According to the embodiment of the application, a face recognition method is firstly utilized to check whether a person in a monitored video is a living body or not to obtain a face recognition result, then whether audio information is audio formed by intercepting and splicing or not is judged through a voiceprint recognition network, whether the audio information accords with the face recognition result or not, and finally the face recognition result is obtained. Therefore, the voiceprint image combined face recognition method provided by the embodiment of the invention can reduce the risk degree of the face recognition attacked by the network.
Fig. 7 is a functional block diagram of a face recognition apparatus combined with a voiceprint image according to an embodiment of the present invention.
The face recognition apparatus 100 combined with the voiceprint image according to the present invention can be installed in an electronic device. According to the implemented functions, the face recognition apparatus 100 combining the voiceprint images may include a face authentication module 101, a voiceprint recognition module 102, and an identity information acquisition module 103. The module of the present invention, which may also be referred to as a unit, refers to a series of computer program segments that can be executed by a processor of an electronic device and that can perform a fixed function, and that are stored in a memory of the electronic device.

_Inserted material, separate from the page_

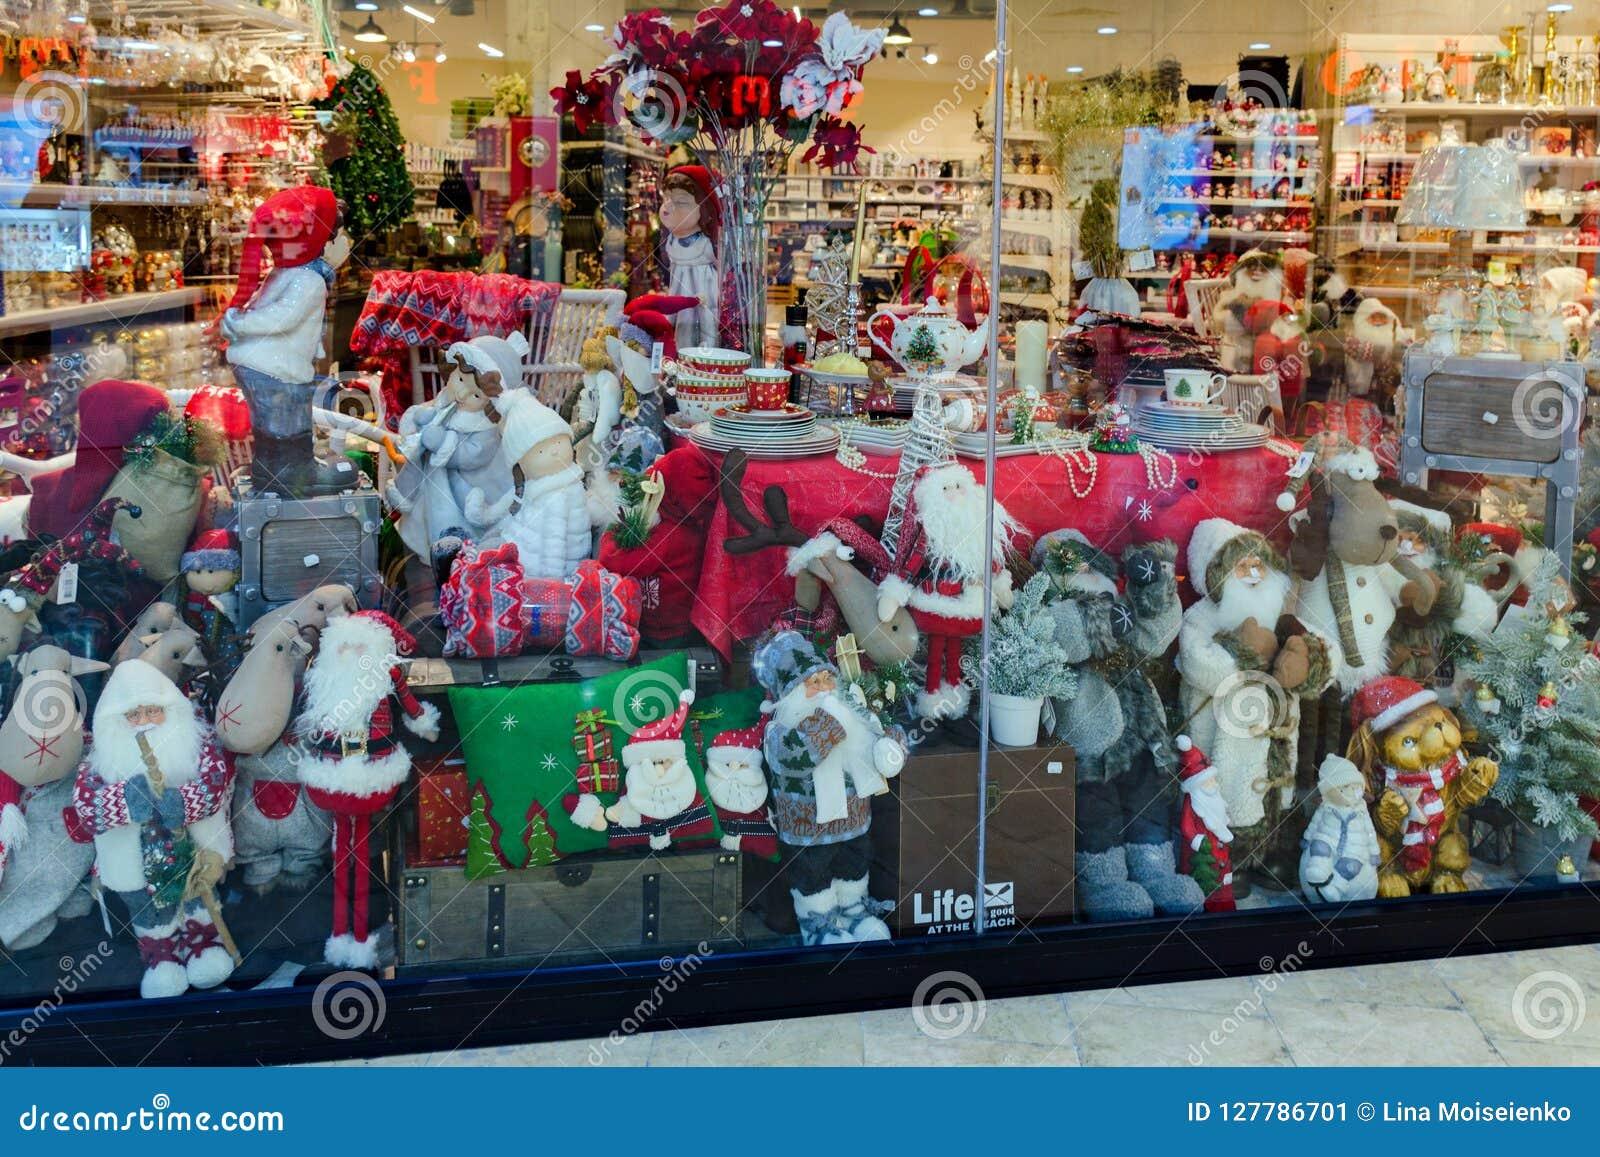 Janela com artigos do ano novo, decoração da loja, brinquedos - Santa Claus, ursos, peluche, cervo

In the present embodiment, the functions regarding the respective modules/units are as follows:
the face authentication module 101 is configured to acquire a surveillance video, import the surveillance video into a pre-trained image audio dual-channel face recognition model for video data division to obtain audio information and video image information, and perform face living body recognition on the video image information to obtain a living body recognition result and a face feature result;
the voiceprint recognition module 102 is configured to perform voiceprint recognition on the audio information by using a voiceprint recognition network in the image audio dual-channel face recognition model when the living body recognition result passes the authentication, so as to obtain a voiceprint recognition result;
the identity information obtaining module 103 is configured to, when the voiceprint recognition result passes the authentication, screen a person from a pre-constructed face database according to the face feature result, and obtain identity information of the person in the monitoring video.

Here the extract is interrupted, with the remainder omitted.